The attitude that seems to help more than any other is to look for the opportunity in the difficulty, to find - as a friend of mine puts it - the AFGO (Another F**king Growth Opportunity).
But what does not kill you does not always make you stronger. I have seen people triumph in amazing ways over their trauma (for example, see Jon Morrow's story), and I have also seen people so shattered by it that they never recover.
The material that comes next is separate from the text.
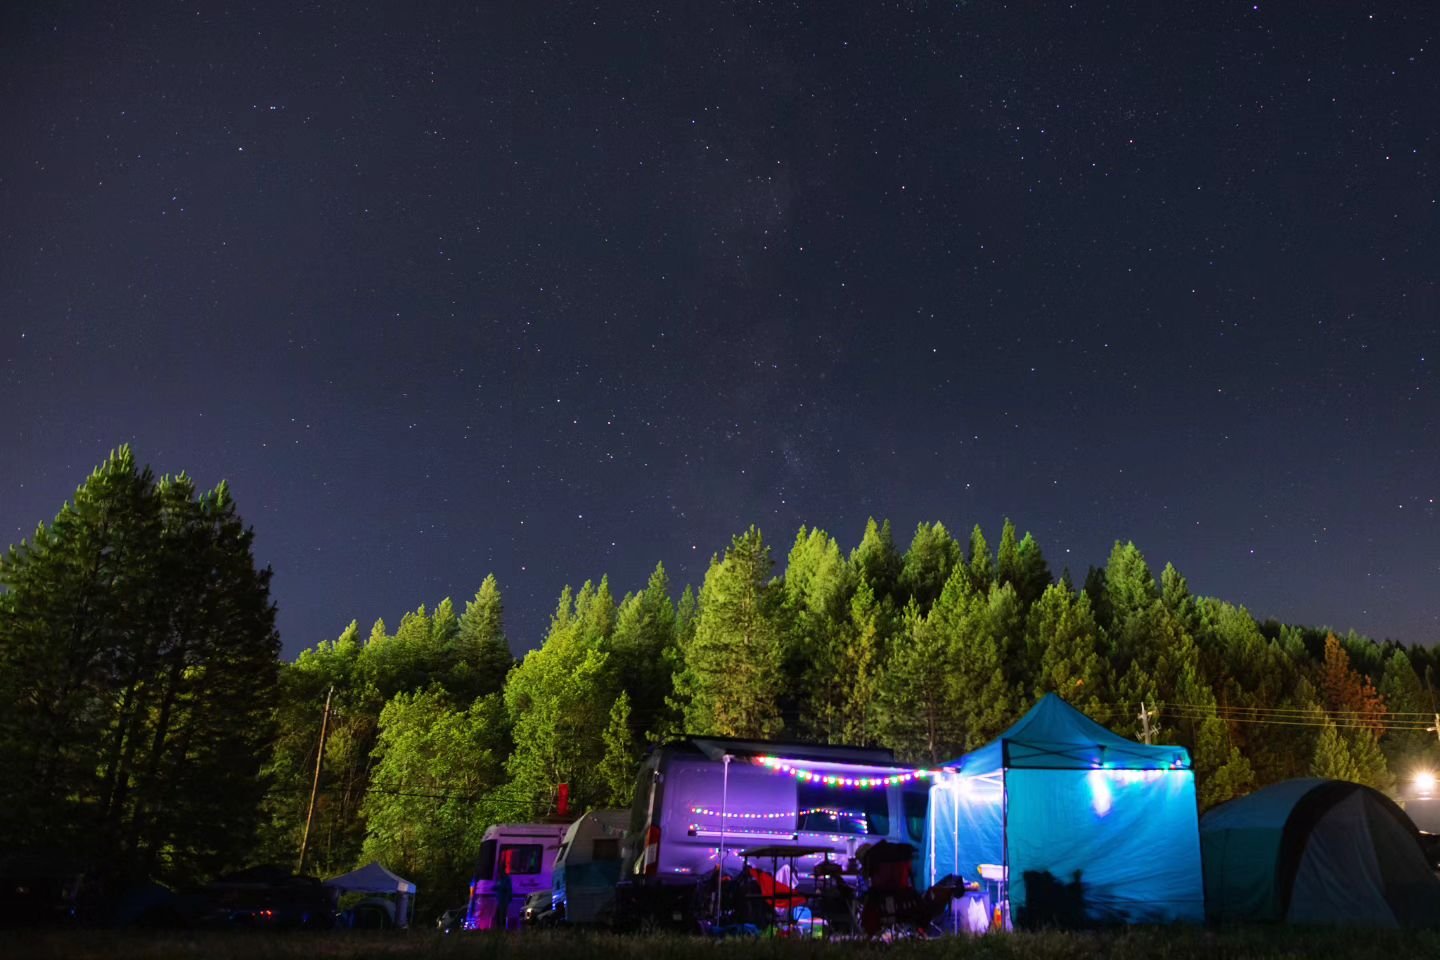 Classic Adventures RV - your home away from home at #HighSierraMusicFestival. Camping trailers, full size motorhomes, budget RV - whatever your price point, they'll help you have the best weekend you can in Quincy.

📷: @trevbex

We mostly hear about the triumphs but as a therapist I see a wider variety of effects.
The attitude that seems to help more than any other is to look for the opportunity in the difficulty, to find - as a friend of mine puts it - the AFGO (Another F**king Growth Opportunity).

Funky idea, indeed. The Nazis, too, had some funky experimental ideas that, I'm fairly certain, if memory has it, didn't work out too well for the test subjects. There is a thing called "victim mentality," and it's a real measure. I received an QEEG report today that says in no uncertain terms that I do not experience victim mentality, at least not to any level worth reporting or which deviates from normal. That said, in no way do I feel enriched by being repeatedly, intentionally drowned, brought back to life to enhance someone's narcissism, or having suffered from any of the other unmentionable things I endured as part of what could be someone else's grand social experiment. Forgive me, but the entire idea makes me angry, and I am not an angry person, despite having every reason to be. I can say that now, because I can prove it quantitatively, with humor and paper evidence.

The simple screen for this type of sensitivity on Aron's website hsperson.com, and her practical advice for how to cope with this characteristic, are uniquely valuable resources for those of us who are highly sensitive, and for those in close relationship with us.
It's been quite a while since I read it, but a few things that stand out are the need for HSPs to have down time after being in a stimulating environment; the need for non-HSPs to understand that HSPs really do experience things more intensely than they do; and the need for HSPs to realize that others are probably not being rude or inconsiderate, they simply may not be connecting the dots that the HSPs think are obvious because they've automatically screened them out as not significant.